Time-series analysis is becoming mainstream across multiple data-rich industries. The new spark-ts
library helps analysts and data scientists focus on business questions, not on building their own algorithms.
Have you ever wanted to build models over measurements coming in every second from sensors across the world? Dig into intra-day trading prices of millions of financial instruments? Compare hourly view statistics across every page on Wikipedia? To do any of these things, you’d need to do a large sequence of measurements over time.
Large-scale time-series data shows up across a variety of domains. In this post, I’ll introduce Time Series for Spark (distributed as the spark-ts
package), a library developed by Cloudera’s Data Science team (and in use by customers) that enables analysis of data sets comprising millions of time series, each with millions of measurements. The package runs atop Apache Spark, and exposes Scala and Python APIs.
First, I’ll cover what time-series data is, why you should care about it, and how to think about distributing it across machines in a cluster. If you’re impatient to actually use the spark-ts
library, jump straight to the end where we demo the Scala API.
What is Time-Series Data?
As foreshadowed in the introduction, time-series data consists of sequences of measurements, each occurring at a point in time.
A variety of terms are used to describe time-series data, and many of them apply to conflicting or overlapping concepts. In the interest of clarity, in spark-ts
, we stick to a particular vocabulary:
-
A time series is a sequence of floating-point values, each linked to a timestamp. In particular, we try as hard as possible to stick with “time series” as meaning a univariate time series, although in other contexts it sometimes refers to a series with multiple values at the same timestamp. In Scala, a time series is usually represented by a Breeze vector, and in Python, a 1-D NumPy array, and has a DateTimeIndex somewhere nearby to link its values to points in time.
-
An instant is the vector of values in a collection of time series corresponding to a single point in time. In the
spark-ts
library, each time series is typically labeled with a key that enables identifying it among a collection of time series. -
An observation is a tuple of (timestamp, key, value), i.e. a single value in a time series or instant.
Not all data with timestamps is time-series data. For example, logs don’t fit directly into the time-series mold because they consist of discrete events, not scalar measurements taken at intervals.

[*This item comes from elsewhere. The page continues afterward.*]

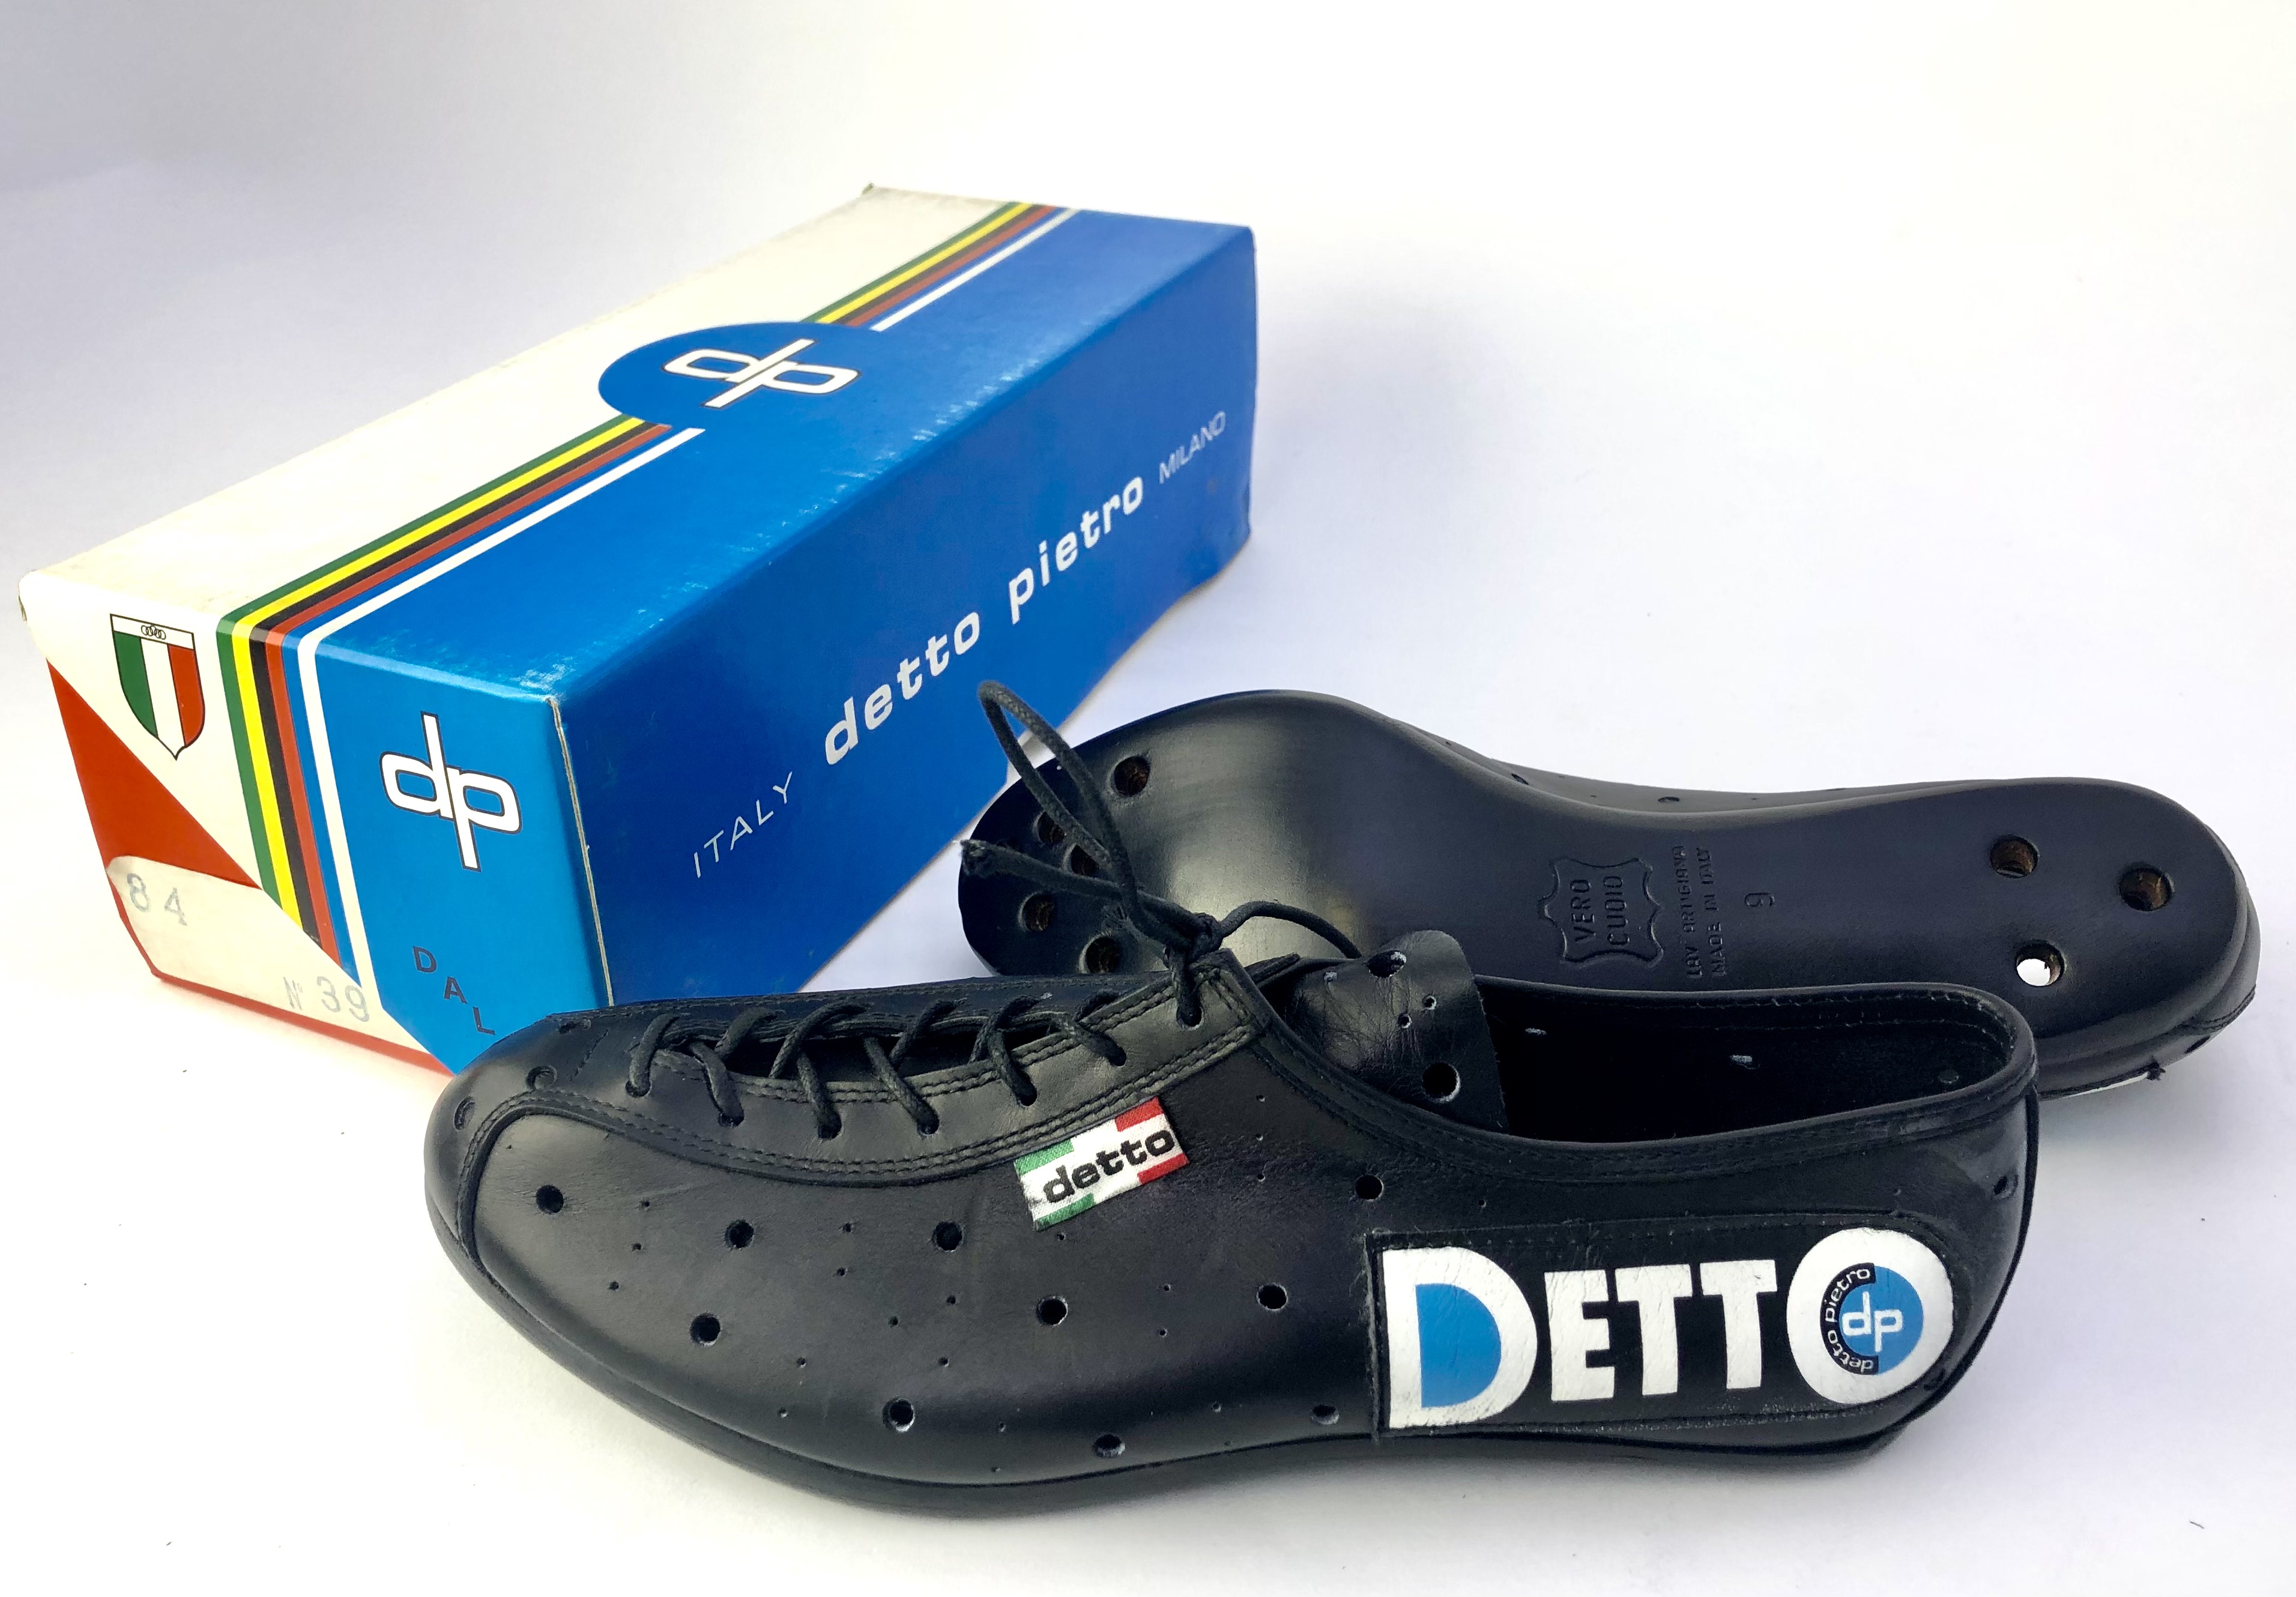 NOS Vintage Detto Pietro Mod. 84 Cycling Shoes Size 40

However, measurements of log-messages-per-hour would constitute a time series.
Use Cases
In many cases, we do the same things with time-series data that we do with other types of data: We group and filter it, we compute basic summary statistics, we run regressions using each instant as a sample. Time is, of course, ubiquitous, and many data sets that we don’t specifically consider “time-series data” still qualify.
However, certain operations and patterns of analysis are exclusively for time-series data. For example, with a typical data set, we might impute missing values by looking at the mean across an entire column, but in time-series data, it often makes sense to use the data points that are adjacent in time. Alternatively, we might want to down-sample a data set with daily measurements to compute weekly sums.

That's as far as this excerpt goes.